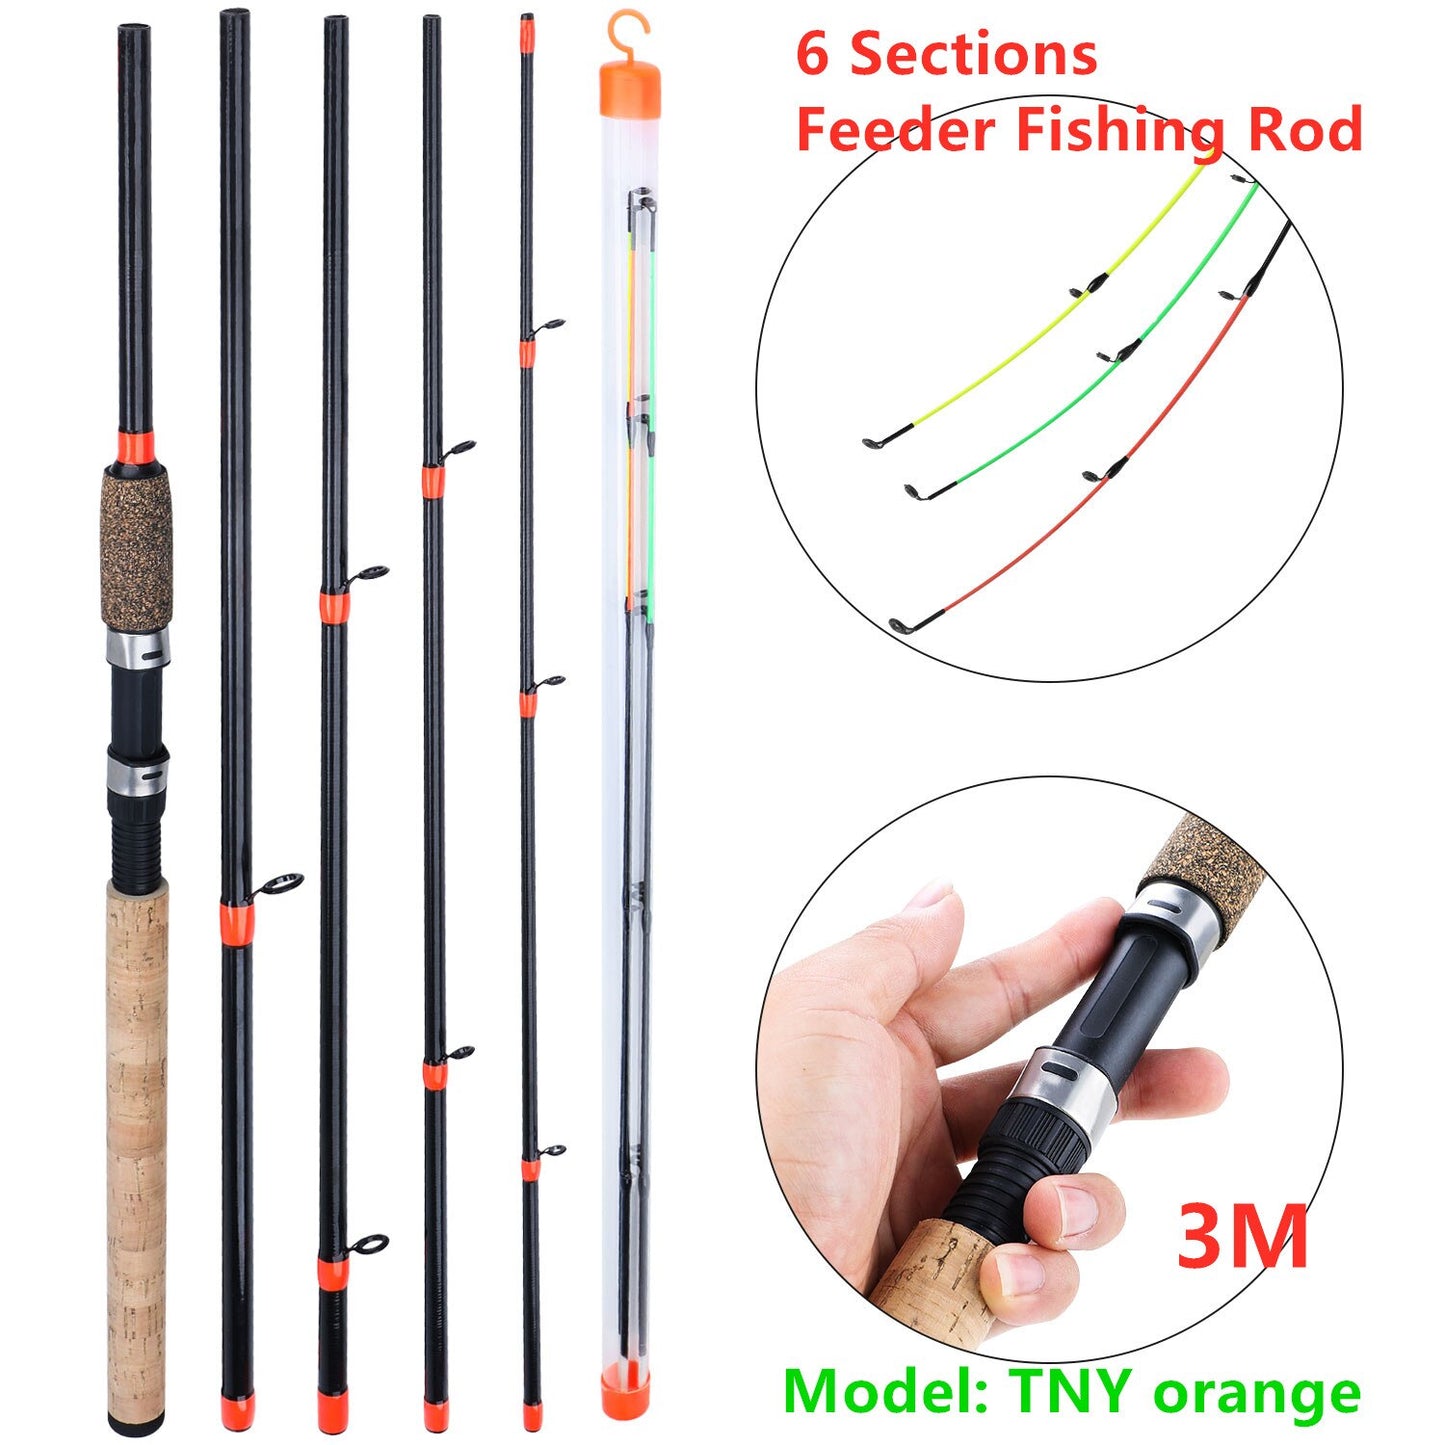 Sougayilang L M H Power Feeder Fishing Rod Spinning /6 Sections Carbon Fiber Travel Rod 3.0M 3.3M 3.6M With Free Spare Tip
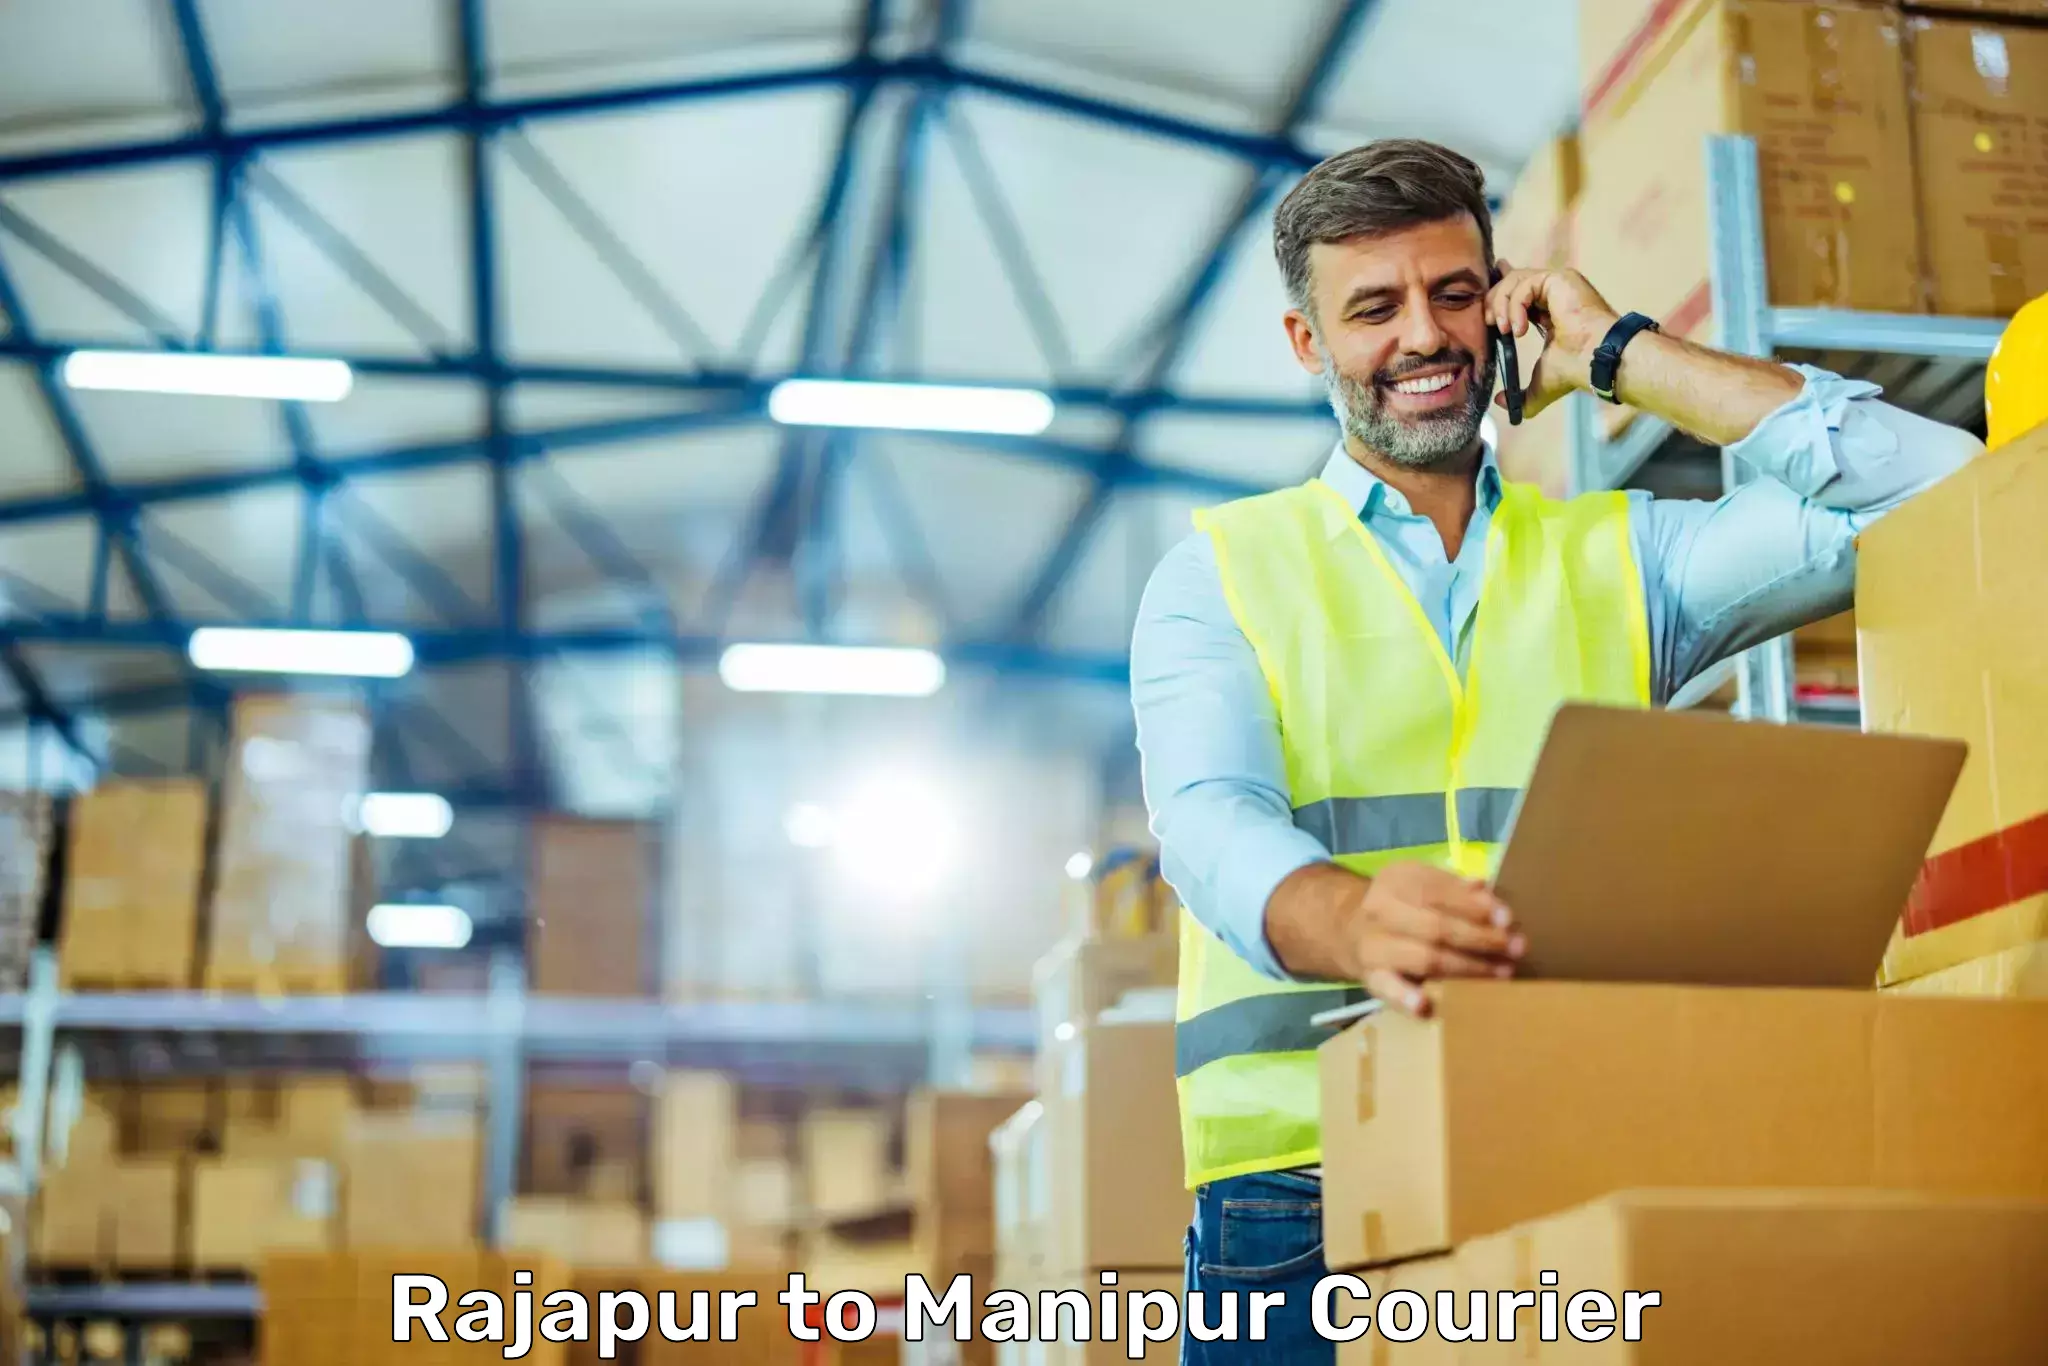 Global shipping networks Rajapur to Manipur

--

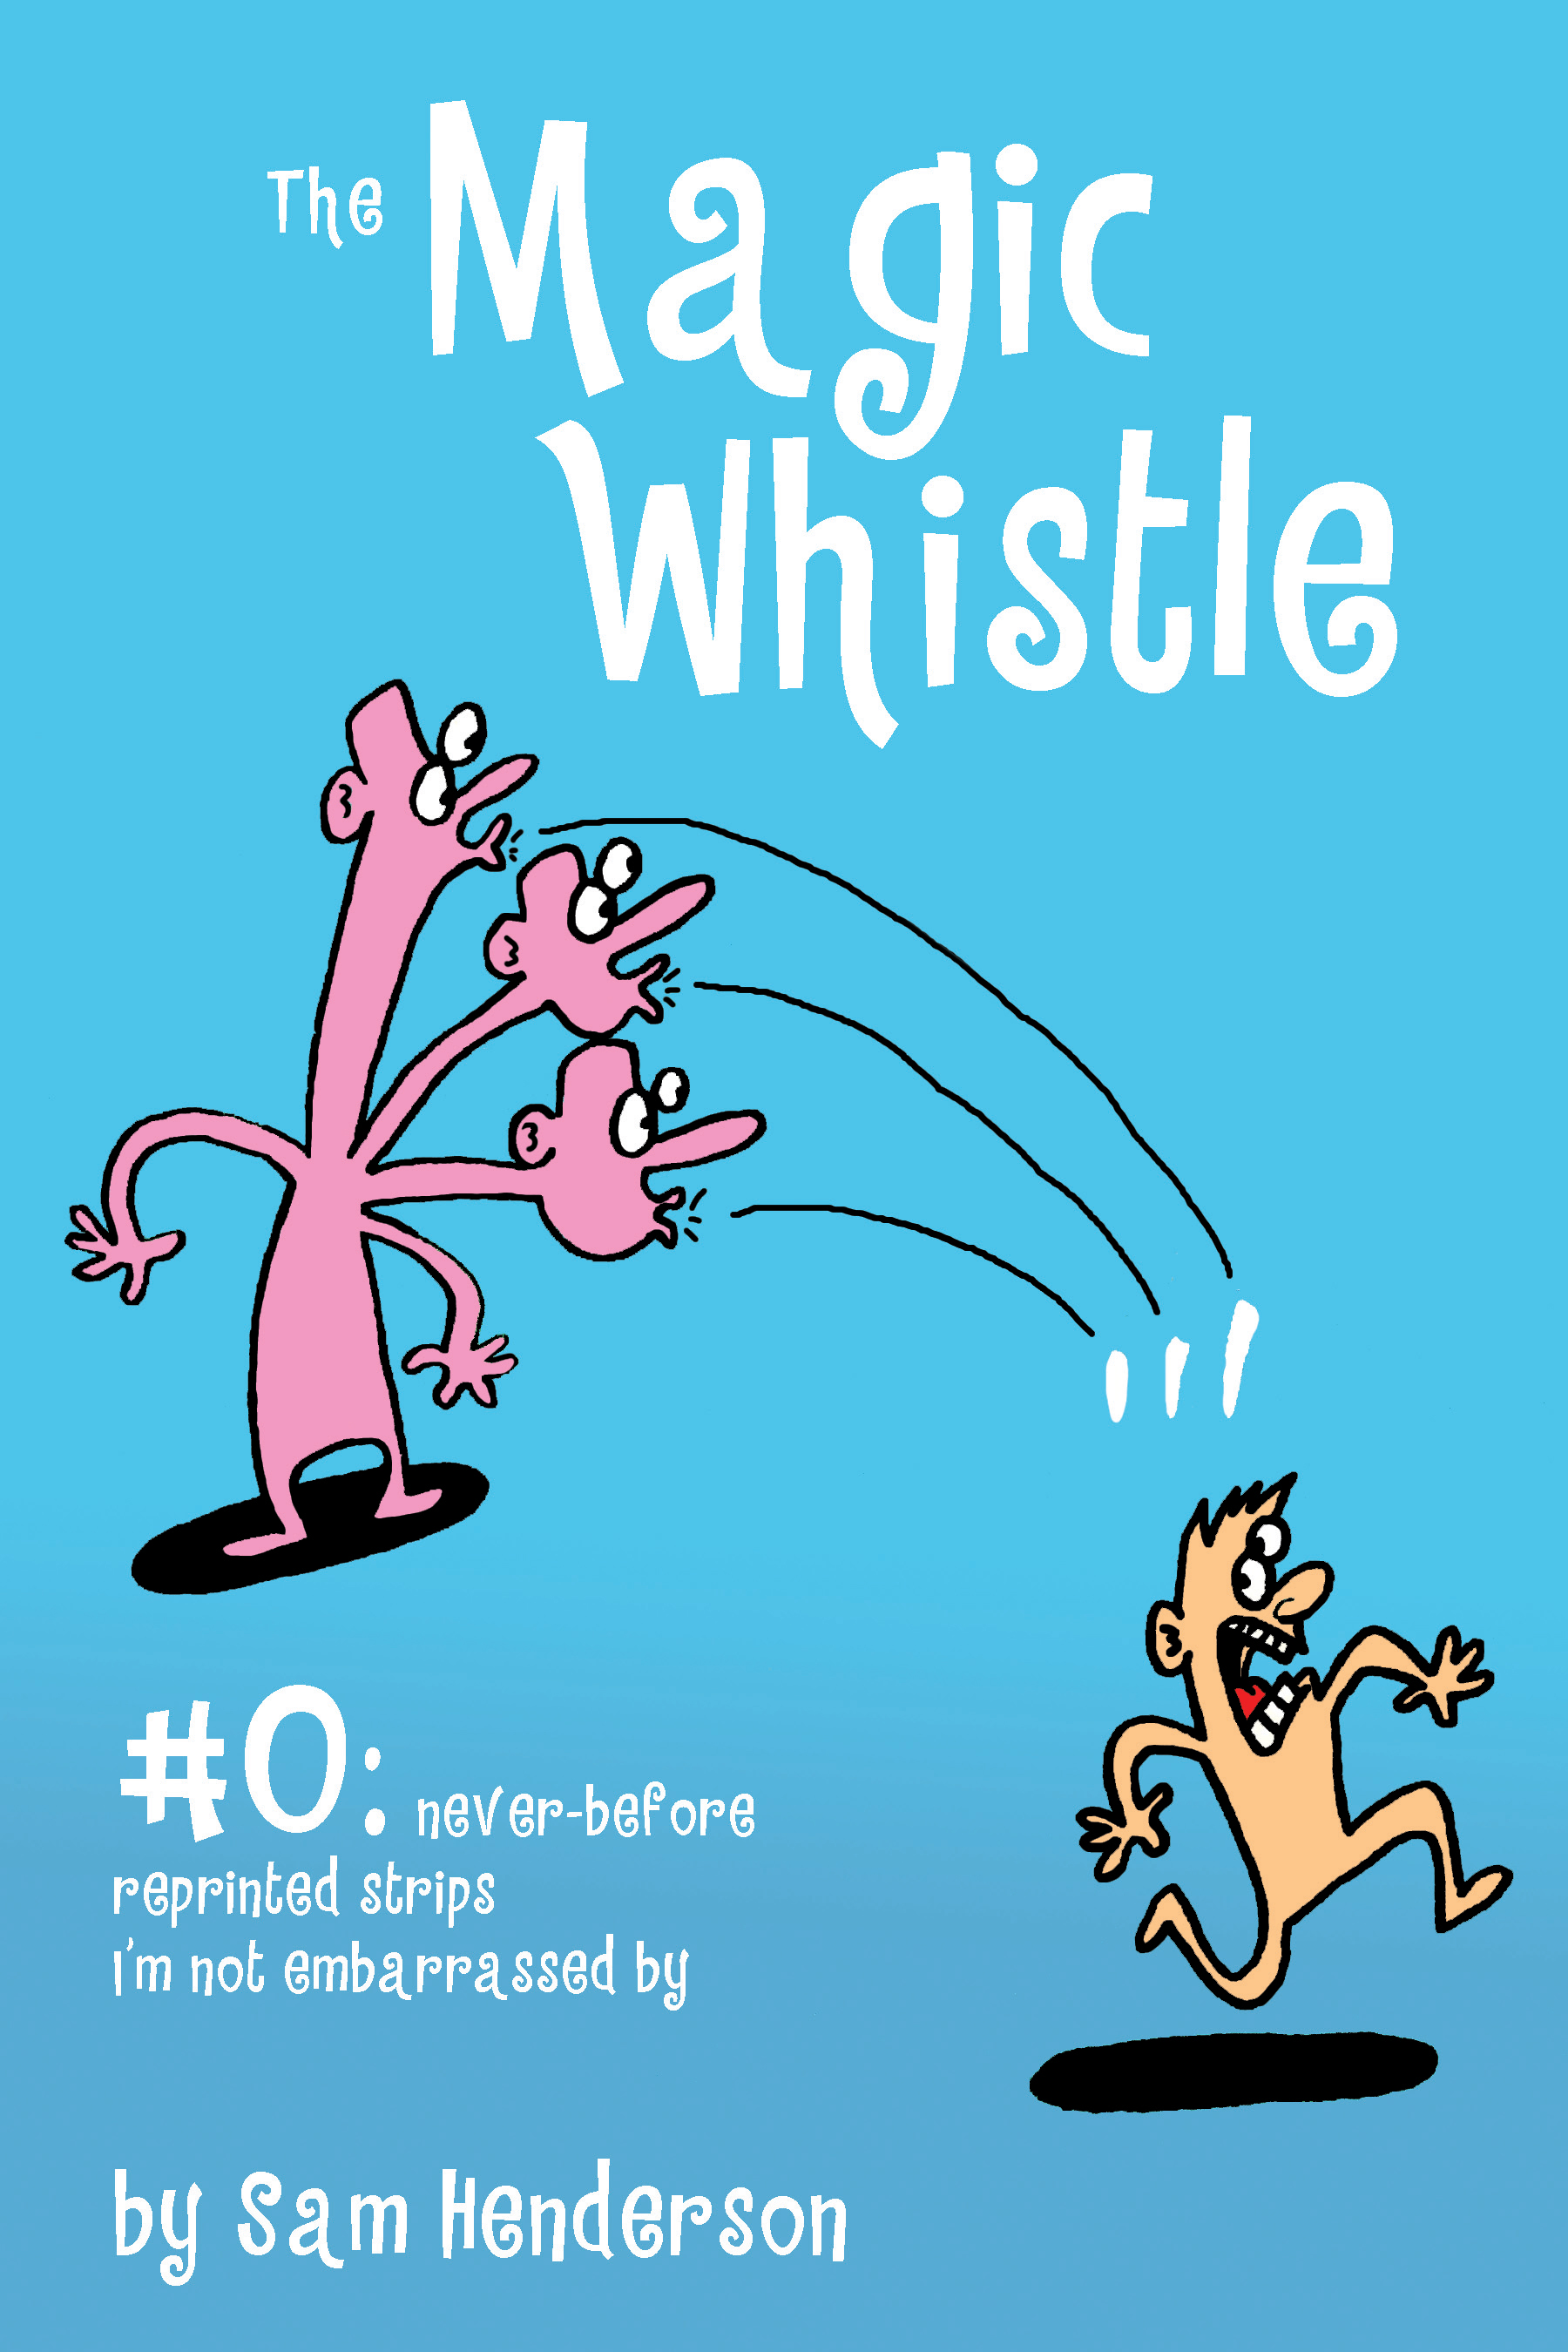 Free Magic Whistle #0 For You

### TRY IT
Both boundary lines included, write out word for word only the lines above from the one containing "Sougayilang L M" to the one containing "Global shipping networks Rajapur to Manipur", leaving out any pictures.

### REPLY
 Sougayilang L M H Power Feeder Fishing Rod Spinning /6 Sections Carbon Fiber Travel Rod 3.0M 3.3M 3.6M With Free Spare Tip
 Global shipping networks Rajapur to Manipur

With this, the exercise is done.